Text Processing - Finding a set of words within a cell

Hey,
I’m new to more extensive text processing within knime so I’m not really sure where to start. I have the following issue:

I have a column which contains products however, these products might be missspelled or sometimes just written slighty different.
For my task I am looking for a few specific products but I would also have to include all possible misspelled variants without knowing how they are missspelled.

Example:

I am looking for Coca Cola and I might have the following entries:
C0caCola
Vanilla Cake
CocaCola 1l
Coca Cola
Fanta
Freeway Cola
Bourbon
Cocoa Powder

How would I be able to filter for my wanted products?
I’ve tried to do it with Regex but I think I still miss quite a few rows with the regex.
I’ve found a workflow which used the String Distance Node and the Hierarchical Clustering Node, however I’m not quite sure how to use them in order to get what I want.
I also tried the String Matcher Node, but the biggest issue with this one is, that there is no option for a Wildcard. So rows like “Coca Cola 1,5l” would get a higher distance score and would be most probably filtered out.

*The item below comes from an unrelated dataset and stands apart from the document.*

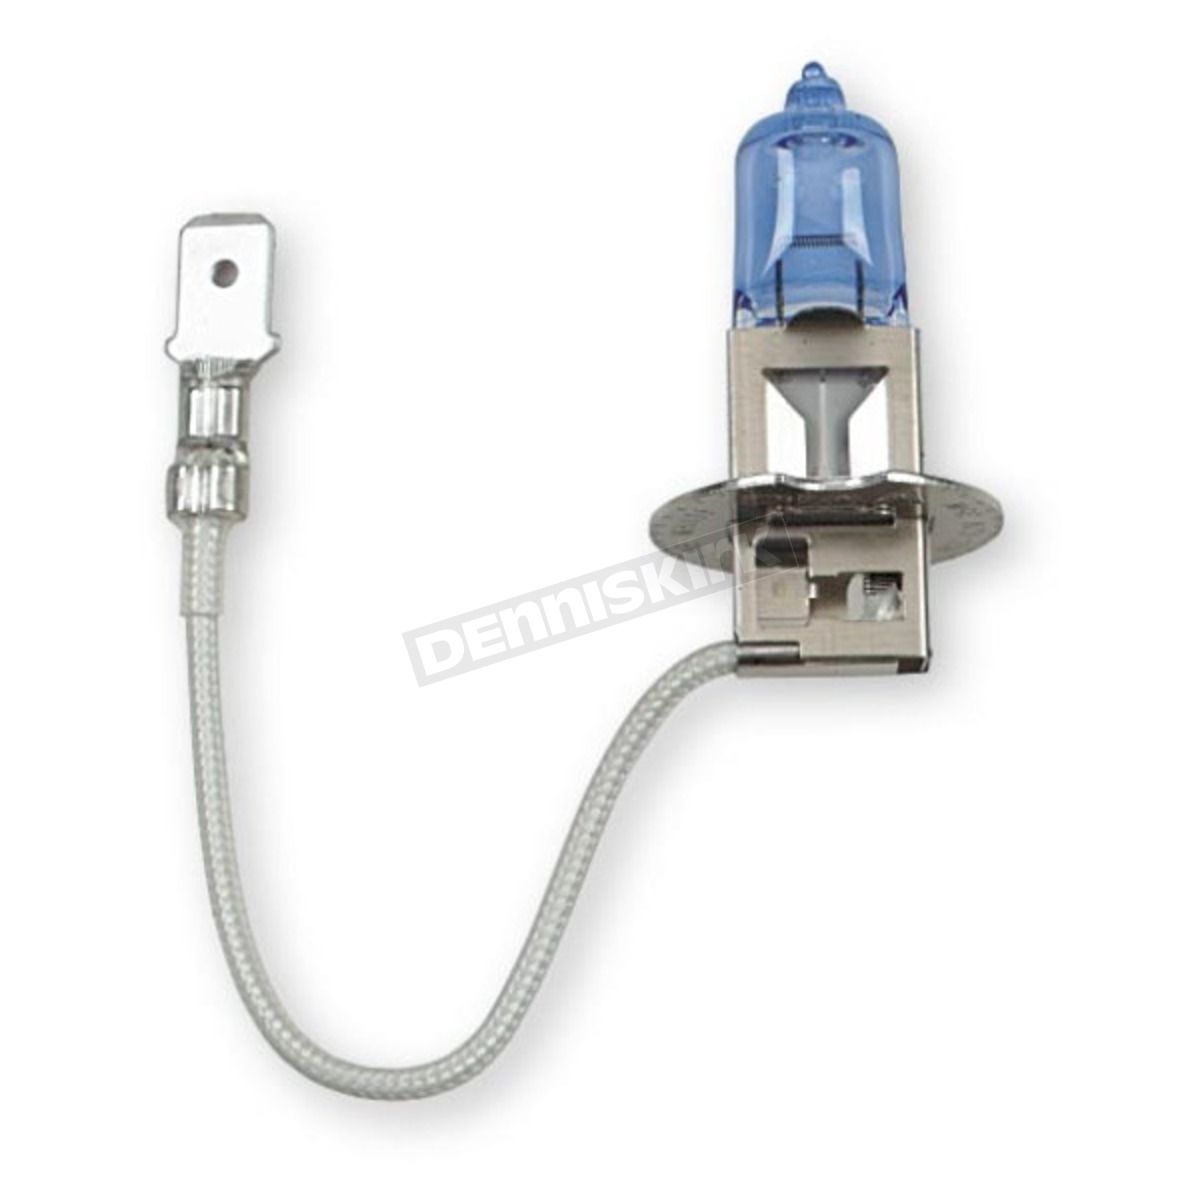 hight resolution of h3 headlight bulb xtreme white 70325

Maybe as a little addition, my current dataset has about 5.600.000 rows so the solution should be able to handle bigger data sets.

All help is appreciated :slight_smile:
Thanks in advance!

I think I might have something for you :slight_smile:

1 Like

@Lena_Schmid welcome to the KNIME forum. I have set up a sample workflow where a task of dealing with texts in chunks is being fed to a local LLM model. Maybe you can modify the input and the prompt and see if this can help.

Or maybe you provide a complete example with a good amount of data.